Say you're an intern or junior dev and you read that last example without knowing why I wrote it, would you have any idea what I was trying to accomplish?

I would guess you're trying to coerce sync iterables to async ones. Why? Well, knowing that would require knowing more details of the behavior of zip than an junior dev could reasonably be expected to know, but at least it gives you something to google. But consider the reverse, where someone has to write AsyncIterator.zip(iterables.map(x => [x])).map(y => y.map(x => x[0])) - I think that's considerably more opaque.

make the behavior simple and predictable

The behavior is simple either way. It can't be fully predictable because both behaviors are reasonable and there will certainly be some people who expect each. In such cases, a useful question is "which behavior allows those who are surprised to most easily notice and recover from getting the wrong behavior?", and I think that points in the direction of not unboxing promises, because it's much easier to recover from that if you expected it to unbox than it is to recover the unboxing behavior if you expected it not to.

conartist6 commented 2 months ago

Your example doesn't make any sense to me:

AsyncIterator.zip(iterables.map(x => [x])).map(y => y.map(x => x[0]))

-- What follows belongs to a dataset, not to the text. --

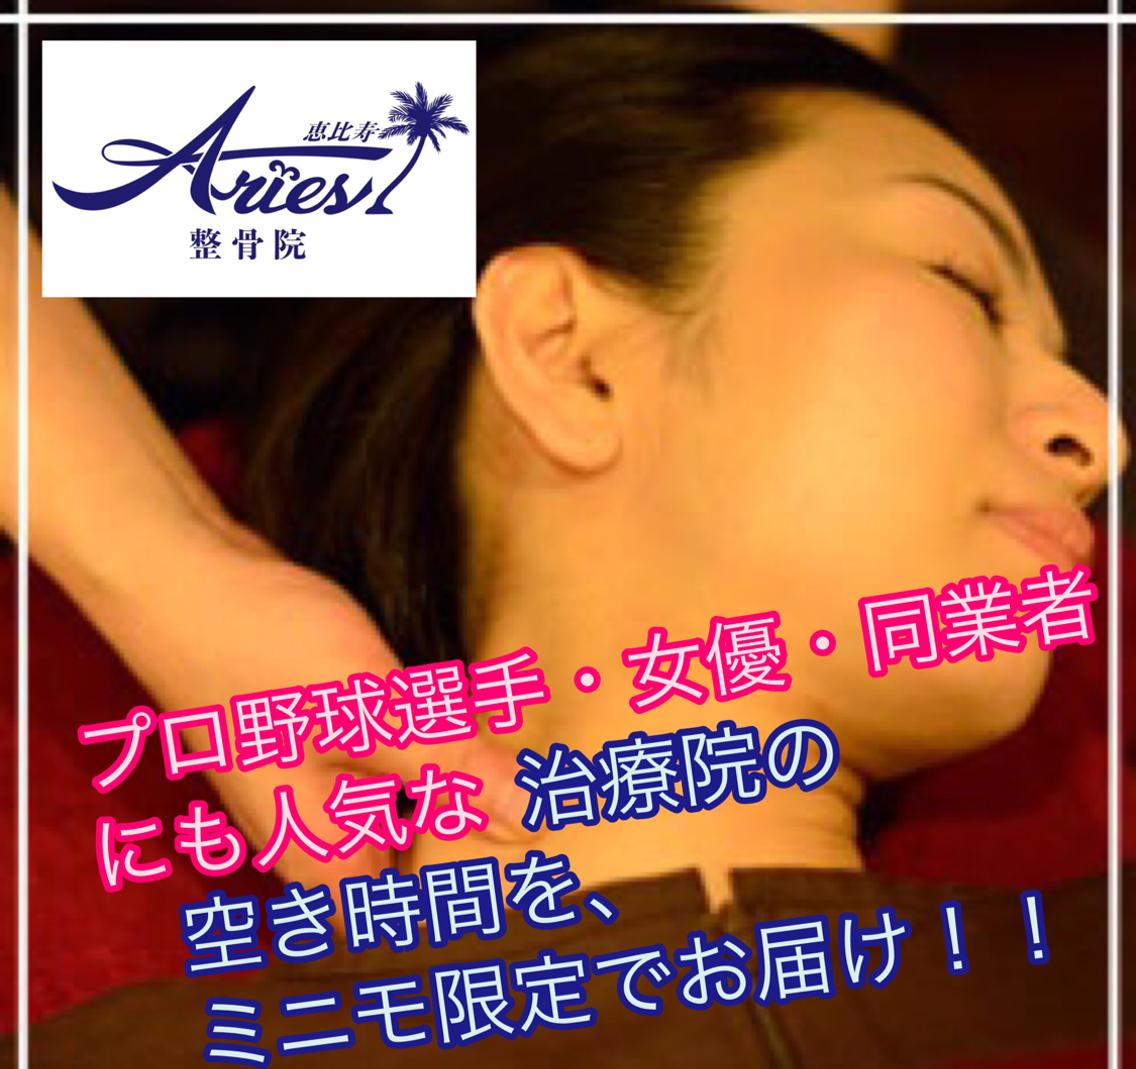 Aries恵比寿所属・斎藤 弘明の掲載

a simpler way to write that would be:

Iterator.zip(iterables);
conartist6 commented 2 months ago

...also you're not mapping over the individual iterables, just the array of them, so I think you really meant

AsyncIterator.zip(iterables.map(iter => iter.map(v => [v]))).map(values => values.map(v => v[0]))

If I'm correct about what you meant here is my amended example of how I would write it:

const getIterator = obj => obj[Symbol.asyncIterator]?.() || obj[Symbol.iterator]?.();

Iterator.zip(iterables.map(getIterator));

It think that's a good bit less confusing than using an async method just to undo all the asyncness and return results synchronously. My way also has a lot less overhead.